The Greek refrain throughout Theo and Ivy’s inexorable drive right into a marital ditch is led by one other couple, Amy (Kate McKinnon) and Barry (Andy Samberg). McKinnon particularly may be very humorous, hitting on Theo in ways in which recommend she’s not present in the identical marriage because the disbelieving Barry. Samberg performs his character pretty straight and never strictly for laughs, which bodes nicely for extra dramatic roles sooner or later. We meet Amy and Barry at a taking pictures vary, which supplies the Australian-born McNamara a gap to take some photographs at one other troublesome relationship: America’s connection to weapons.
In any other case, Amy and Barry’s function is to provide Theo and Ivy somebody to whom to articulate their troubles. These troubles intensify when the unemployed Theo channels his vitality into caring for his or her two children, and the resentment he feels about his profession emasculation leads him into darkish parenting waters. He makes his children signal a contract stipulating higher consuming habits. He places them on a brutal train routine. He toughens them up by studying them Bukowski. It is an ego demise that condemns the outdated means wherein a person measures his value, in addition to our capitalistic impulse to need equal achievement on the workplace and at house.
The Insults Come Quick and Livid
In a movie the place one is predicted to be more and more horrified by the comedian sadism of its essential characters, it’s spectacular how a lot mileage the movie will get from its correct depiction of a wedding in freefall. Initially, the couple fights honest, they usually typically discover themselves selecting between a “three-hour round argument that goes nowhere or intercourse.” Finally, they start performing out their jealousies, and Theo is man sufficient to confess that these resentments are getting one of the best of him. He feels left behind as Ivy embraces her thrilling new life as a star chef. She feels estranged from her kids, and resents Theo for not overcoming the failure of the museum. The movie pulls them aside and places them again collectively in methods which can be fairly relatable — till Ivy makes an attempt to proper the wedding and restore Theo’s self-worth by bankrolling a brand new household house for Theo to design.

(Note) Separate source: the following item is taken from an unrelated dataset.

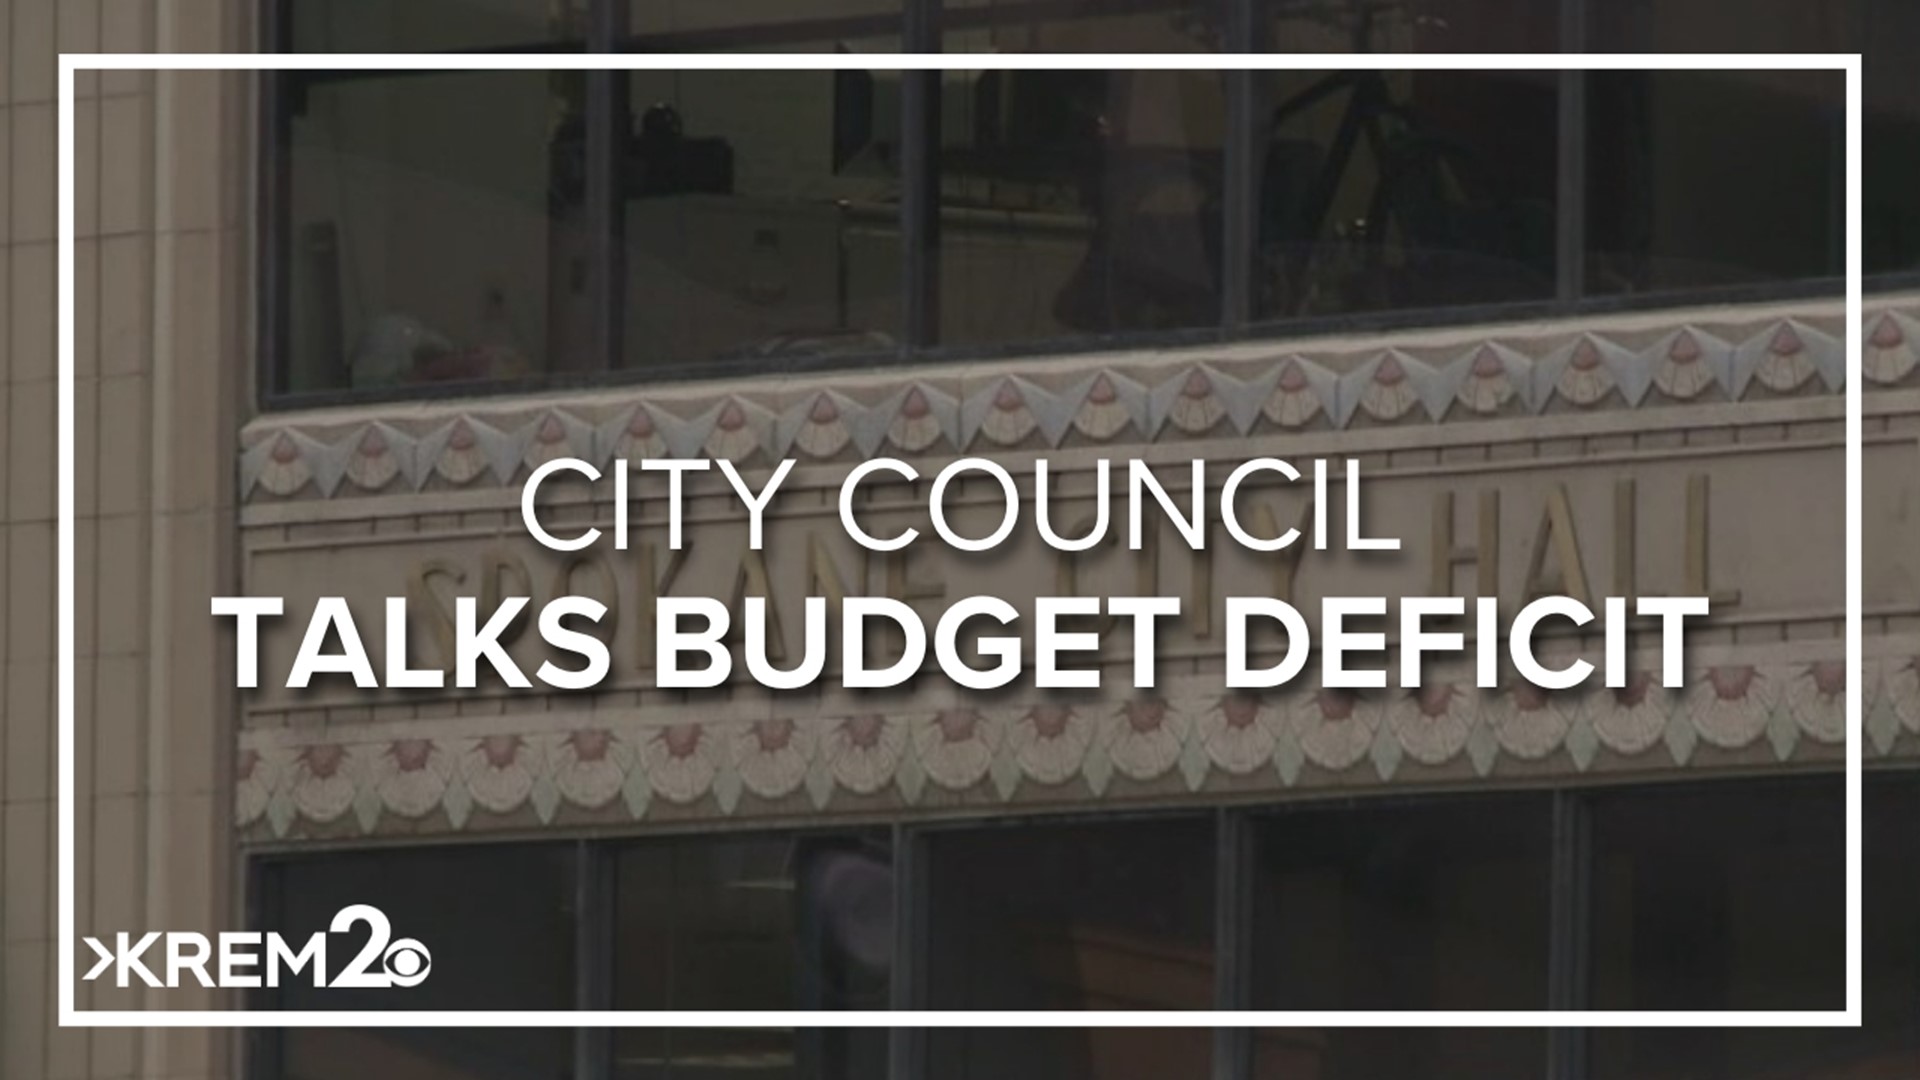 Despite not having a full understanding of the increasing inflation rates, council still had to make financial decisions.

Quickly Theo and Ivy’s passive-aggressive insults develop into merely aggressive, and we get the sensation that their dream house’s Fifteenth-century eating room desk with the embedded knife and the range initially owned by Julia Youngster will play into the violence to return. In fact, we’re proper, however there’s nonetheless a nagging sense that The Roses by no means totally shifts into the comedic overdrive we have been hoping for from the author of Poor Issues. The escalation of the comedy, from Theo grating a wart into Ivy’s meals to Ivy posting a deepfake video of Theo smoking crack, is humorous sufficient, as is the cameo from Allison Janney as Ivy’s divorce legal professional. The shock is that the movie, very like Theo and Ivy, is making an attempt to stability all of it. And it simply barely will get away with it. Who would have thought {that a} bitter and darkish divorce comedy might really make you admire your partner?
The Roses, from Searchlight Photos, opens in theaters on August 29.